Java - HTTPClient - How to simulate a web form ?

Java Conceptuel Diagram

About

httpclient is a headless browser library build with Java that can simulate programmatically a user web navigation.

It simulate the navigation of a user on Internet with http request. We can :

  • retrieve a page from a weblink,
  • search in this page (for instance a link, mail, …),
  • and important, we can simulate a validation of form (With get of post Method). It's then possible to retrieve all information of the world.

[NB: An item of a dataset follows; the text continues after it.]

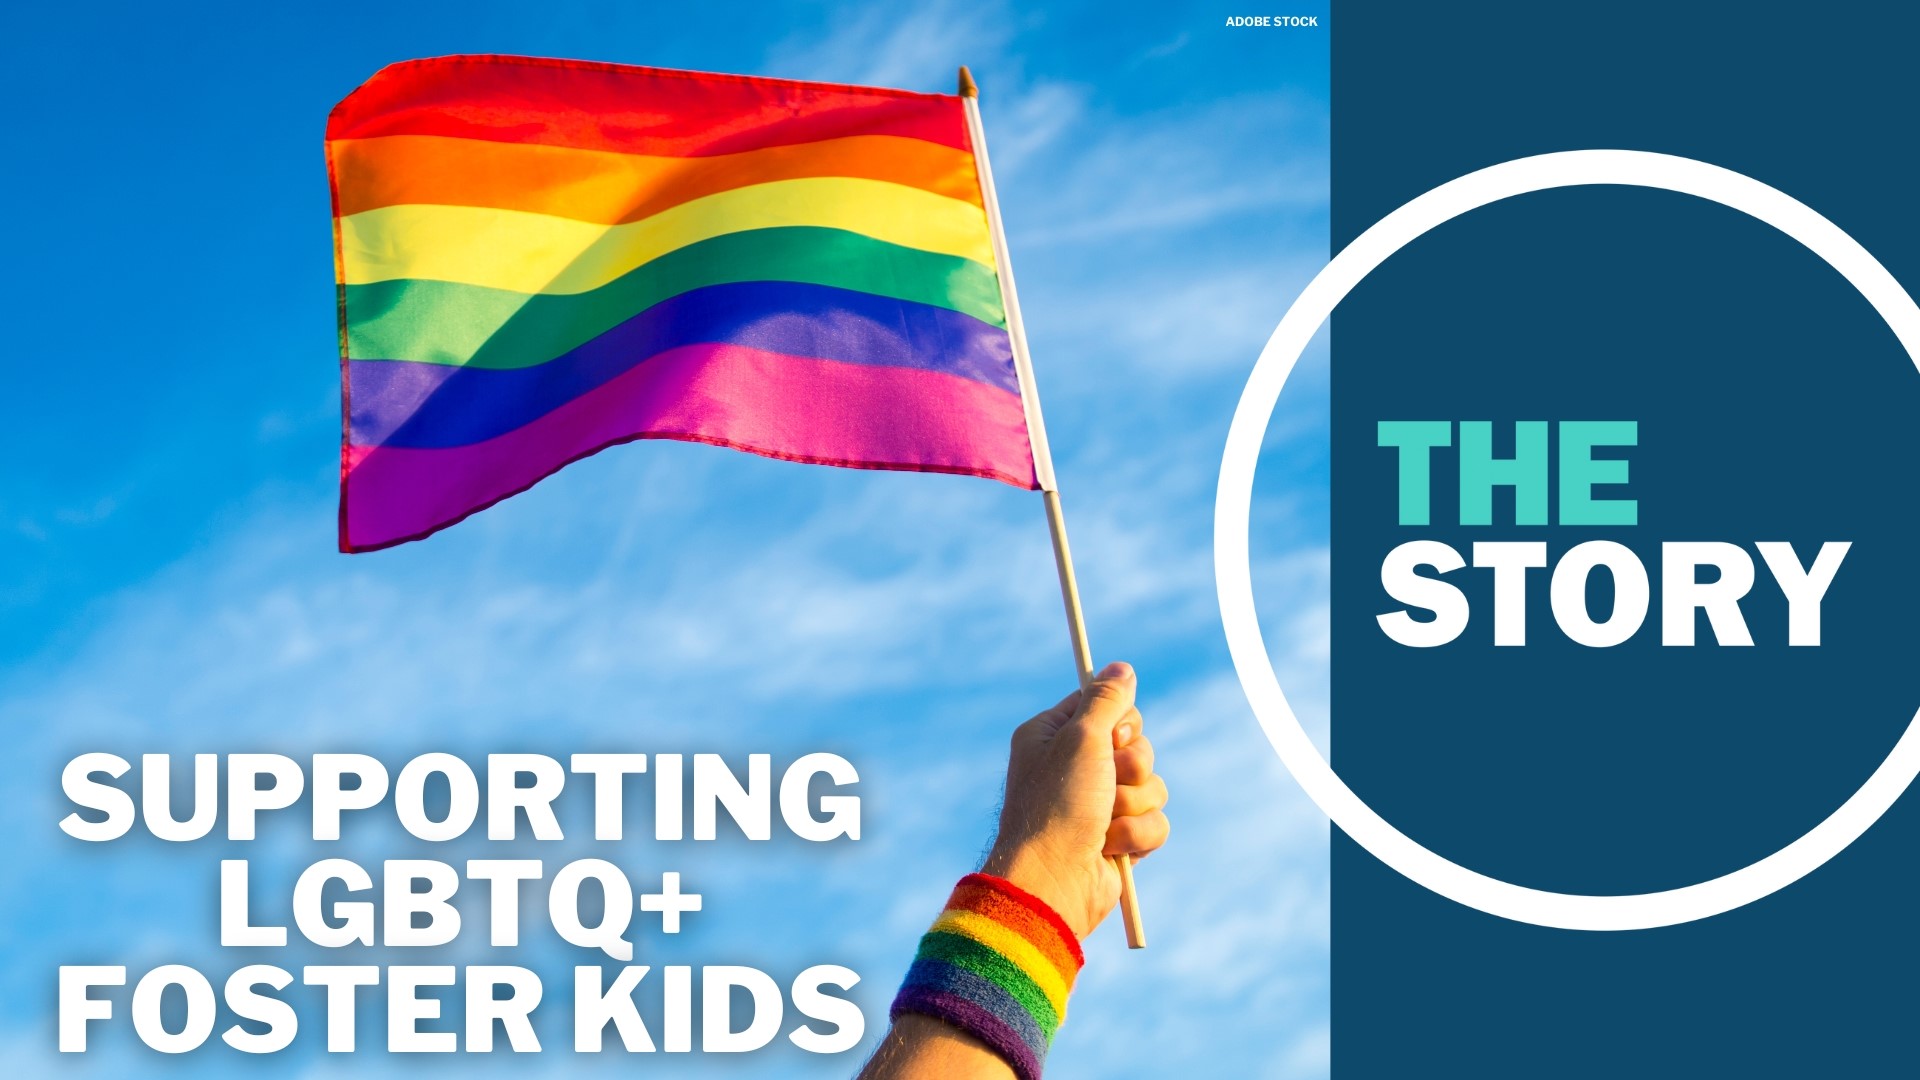 Oregon is one of 35 states with laws in place protecting foster youth from discrimination based on gender or sexual identity. Some states have no such rules.

Becareful on the web, you have a lot explication that are performed over an old version of httpclient. For instance, the website of innovation speak about the version 0.3-3. I will talk about the version 3.1

I recommend you to read this great article Client HTTP Programming Primer for ForAbsoluteBeginners. You will find a lot of good basis information on the web, a explanation of the difference between Httpclient and a browser (see below HttpClient in black and the rest of the browser in blue) and a text that talk about how to perform a connection with a login form.

You have only a text and not a real example. You can read in this article : “So this document is all bla-bla, and you will have to work out the details - all the details - yourself. Such is life.”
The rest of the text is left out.